◆ **Work to complete**
Please write out exactly the line containing "Las Alpujarras, Sierra" below and every line after it, through the last one, but leave out any pictures.

◆ **Provided material**

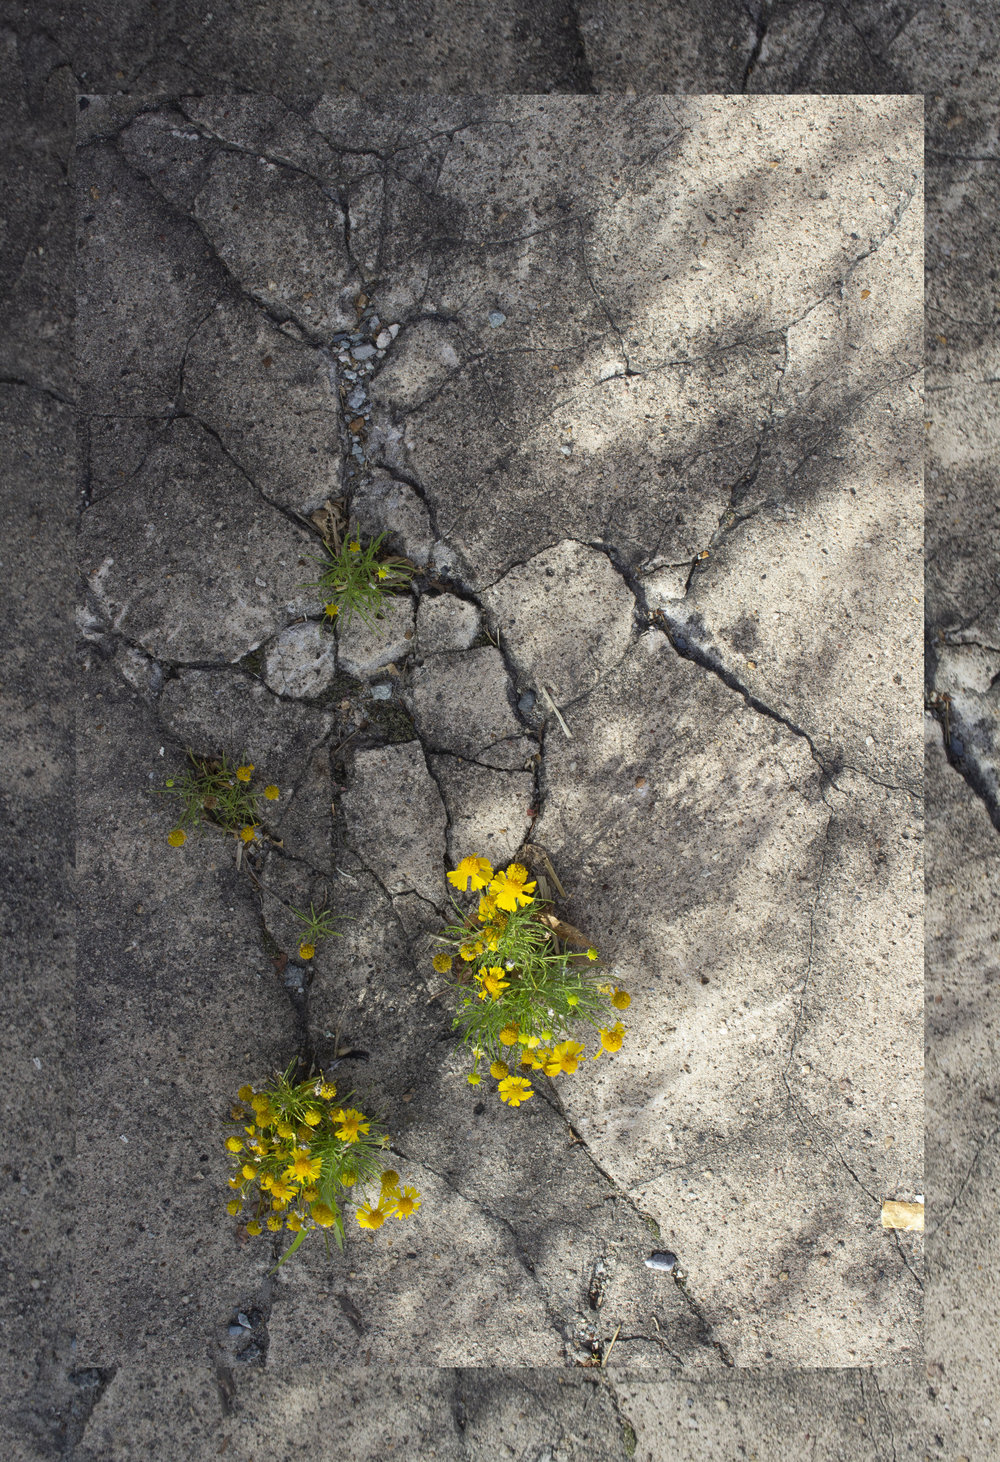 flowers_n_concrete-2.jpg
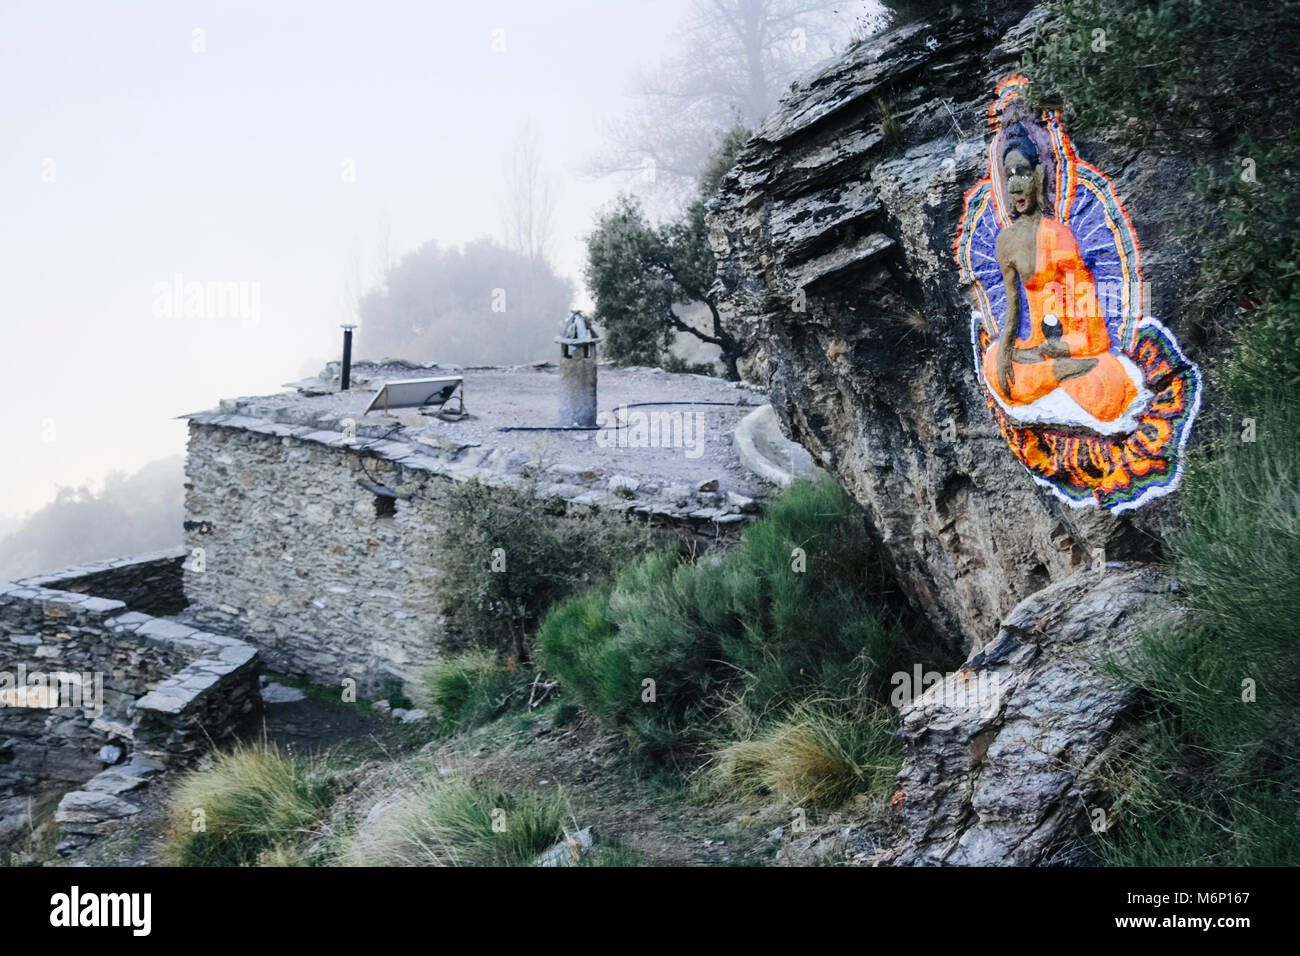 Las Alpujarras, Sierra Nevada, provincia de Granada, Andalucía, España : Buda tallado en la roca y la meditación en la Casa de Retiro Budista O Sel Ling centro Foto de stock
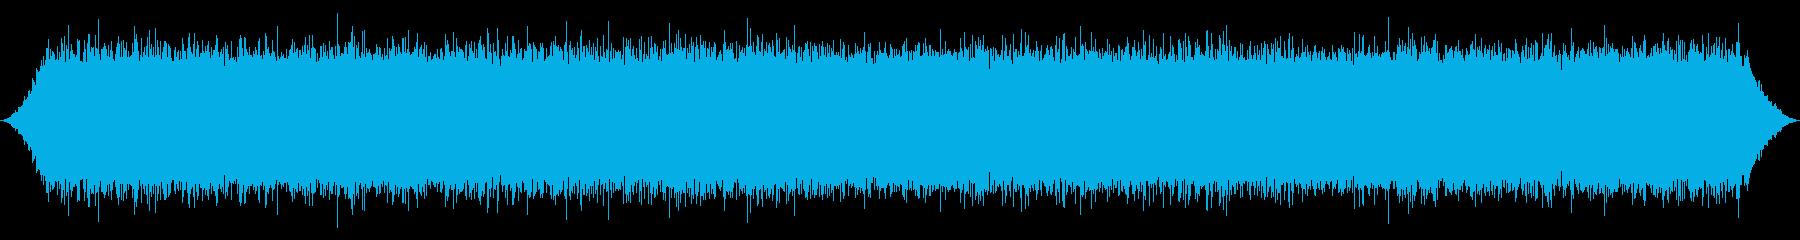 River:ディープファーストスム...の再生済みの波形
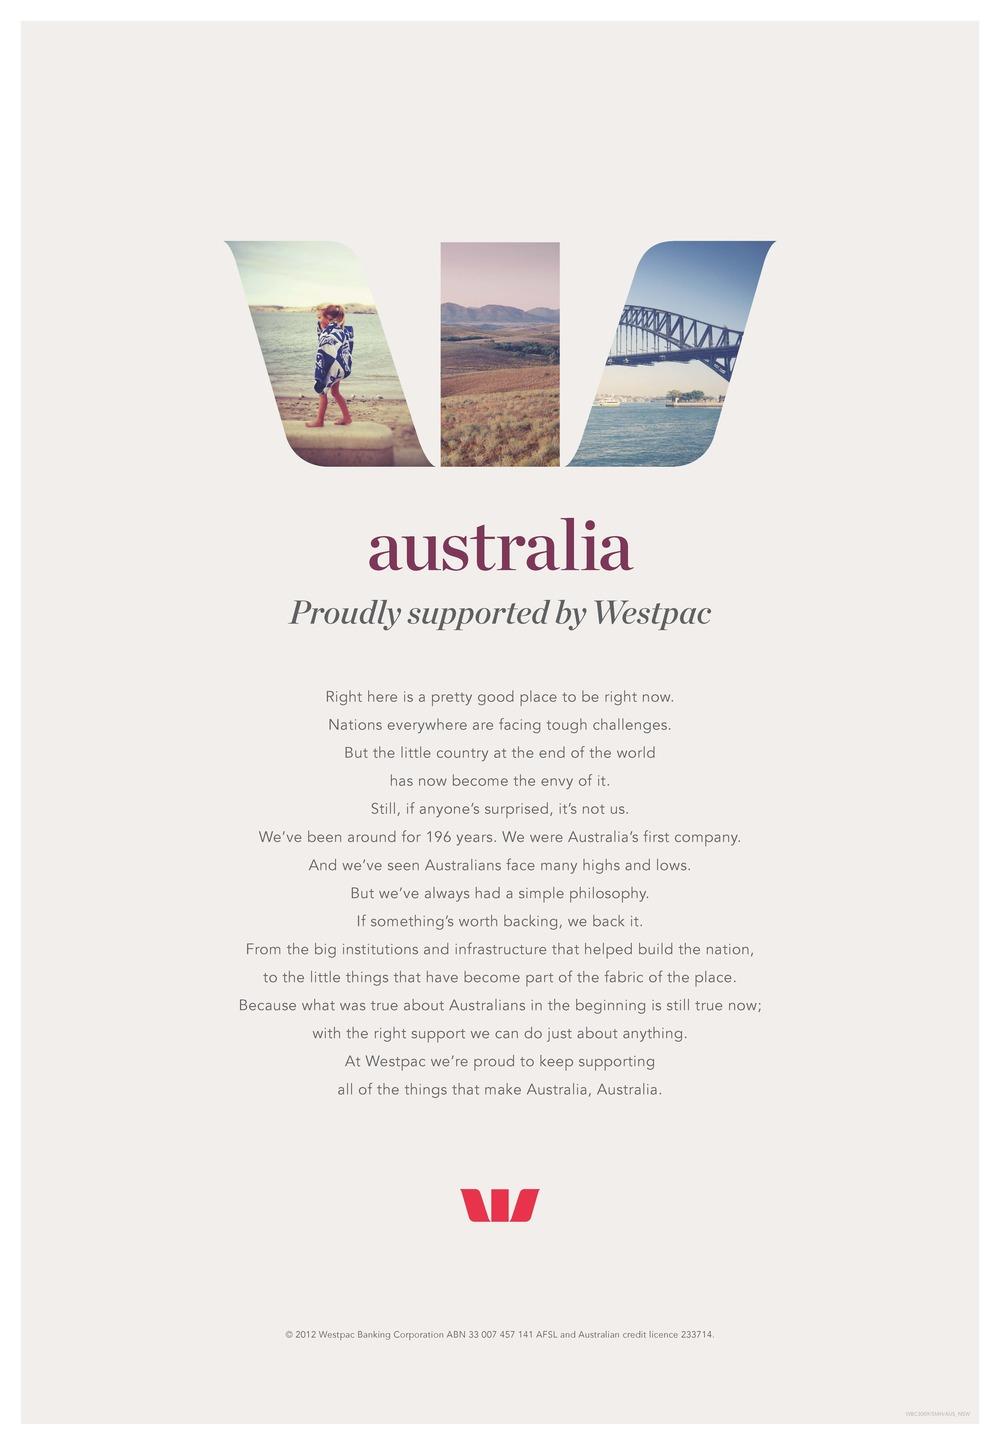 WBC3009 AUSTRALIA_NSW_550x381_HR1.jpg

◆ **Exercise response**
 Las Alpujarras, Sierra Nevada, provincia de Granada, Andalucía, España : Buda tallado en la roca y la meditación en la Casa de Retiro Budista O Sel Ling centro Foto de stock
 River:ディープファーストスム...の再生済みの波形
 WBC3009 AUSTRALIA_NSW_550x381_HR1.jpg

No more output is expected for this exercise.